在本发明之前，目前常用的分形维方法有盒维，关联维和Katz维方法等。对于盒维来说，由于随着系统维数的增加，需要的盒子数量指数增加，需要用于计算的数据长度也相应增加，使得高维系统的收敛非常困难。而关联维严重依赖于两个参数：最小延迟时间和最小嵌入维。如果最小延迟时间太大，达到吸引子的大小，则所有矢量都是相关的，太小则计算出的相关维就是噪声的相关维。对于AE信号而言，由于每帧的最小延迟时间各不相同，因此每一帧都必须计算其最小延迟时间才能计算出准确的关联维，计算量非常大。Katz维不需要计算极限，对参数依赖性也不强，而且在抗噪声能力上优于其他算法，但Katz维存在着精度不高的缺点。Before the present invention, currently commonly used fractal dimension methods include box dimension, correlation dimension and Katz dimension methods. For the box dimension, as the dimension of the system increases, the number of boxes required increases exponentially, and the length of data required for calculation also increases accordingly, making the convergence of high-dimensional systems very difficult. Whereas the associative dimension heavily depends on two parameters: minimum latency and minimum embedding dimension. If the minimum delay time is too large to reach the size of the attractor, all vectors are correlated, and if it is too small, the calculated correlation dimension is the correlation dimension of noise. For the AE signal, since the minimum delay time of each frame is different, the minimum delay time must be calculated for each frame to calculate the accurate correlation dimension, and the amount of calculation is very large. Katz dimension does not require calculation limits, is not strongly dependent on parameters, and is superior to other algorithms in anti-noise ability, but Katz dimension has the disadvantage of low precision.

发明内容Contents of the invention

本发明的目的就在于解决上述现有技术的缺陷，从分形维的定义出发，以降低计算量和提高精度为目的，设计出了一种基于波形长度的分形维计算方法——波长对数法。The purpose of the present invention is to solve the defects of the above-mentioned prior art. Starting from the definition of fractal dimension, with the purpose of reducing the amount of calculation and improving the accuracy, a fractal dimension calculation method based on the waveform length - wavelength logarithm method is designed. .

本发明的技术方案是：Technical scheme of the present invention is:

旋转机械碰摩声发射信号的分形特征分析方法，其步骤为：The fractal characteristic analysis method of the rubbing acoustic emission signal of rotating machinery, its steps are:

首先对采样量化后的含有AE信号的噪声进行分帧处理，再将每一帧信号分成等长度的短时帧数据段，采用基于波形的分形维特征分析算法计算每一段的分形维，最后对每一帧进行中值滤波。Firstly, the noise containing the AE signal after sampling and quantification is divided into frames, and then each frame signal is divided into short-time frame data segments of equal length, and the fractal dimension of each segment is calculated by using the waveform-based fractal dimension feature analysis algorithm. Finally, the Median filtering is performed on each frame.

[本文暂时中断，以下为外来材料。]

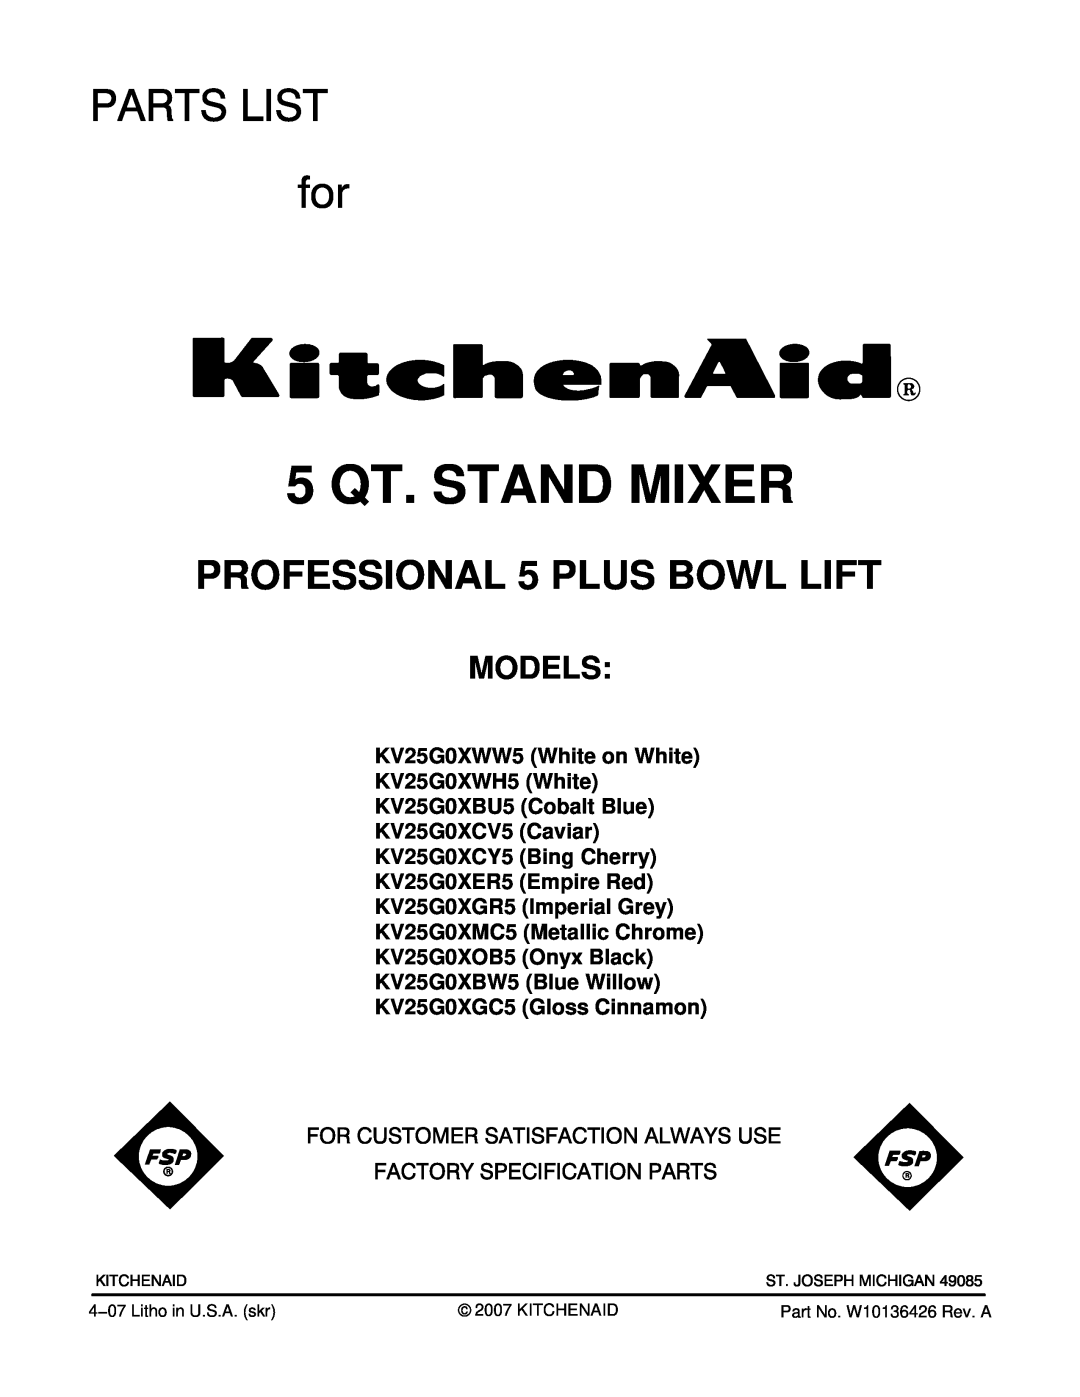 KitchenAid KV25G0XOB5 manual Models, KV25G0XWW5 White on White KV25G0XWH5 White KV25G0XBU5 Cobalt Blue, 5 QT. STAND MIXER

(1)AE信号的提取与预处理：(1) Extraction and preprocessing of AE signal:

(1-1)通过碰摩声发射实验台接近摩擦点的第一AE传感器或位于联轴器另一端的第二AE传感器提取AE信号；(1-1) Extract the AE signal through the first AE sensor close to the friction point or the second AE sensor located at the other end of the coupling;

(1-2)在连续碰摩AE信号上叠加高斯白噪声和非平稳噪声；(1-2) Superimpose Gaussian white noise and non-stationary noise on the continuous rubbing AE signal;

(1-3)采样，量化，分帧；(1-3) Sampling, quantization, and framing;

(1-4)将每一帧含有噪声的数据等分成长为m的短时帧数据段；(1-4) Divide each frame of noise-containing data into m short-time frame data segments;

(2)计算各帧的分维值：(2) Calculate the fractal value of each frame:

(2-1)采用基于波形的分形维数算法即对数波长维算法，计算各短时帧数据段的分维值：(2-1) Using the waveform-based fractal dimension algorithm, that is, the logarithmic wavelength dimension algorithm, to calculate the fractal dimension value of each short-time frame data segment:

${D D.}_{i i} = = a a - - \frac{ln ln L L ((δ δ))}{ln ln {δ δ}_{00}} - - \frac{{bδ bδ}_{00}}{L L ((δ δ)) ln ln L L ((δ δ))}$

其中 $a = 1 + \frac{{\ln k}_{1}}{{\ln δ}_{0}},$ $b = r (\frac{δ}{δ_{0}} - 1),$ δ为盒覆盖曲线的尺度，δ₀为最小采样间隔，δ为最小采样间隔δ₀的整数倍，即δ＝kδ₀，L(δ)为对应的曲线长度。in $a = 1 + \frac{{\ln k}_{1}}{{\ln δ}_{0}},$ $b = r (\frac{δ}{δ_{0}} - 1),$ δ is the scale of the box coverage curve, δ ₀ is the minimum sampling interval, δ is an integer multiple of the minimum sampling interval δ ₀ , that is, δ=kδ ₀ , and L(δ) is the corresponding curve length.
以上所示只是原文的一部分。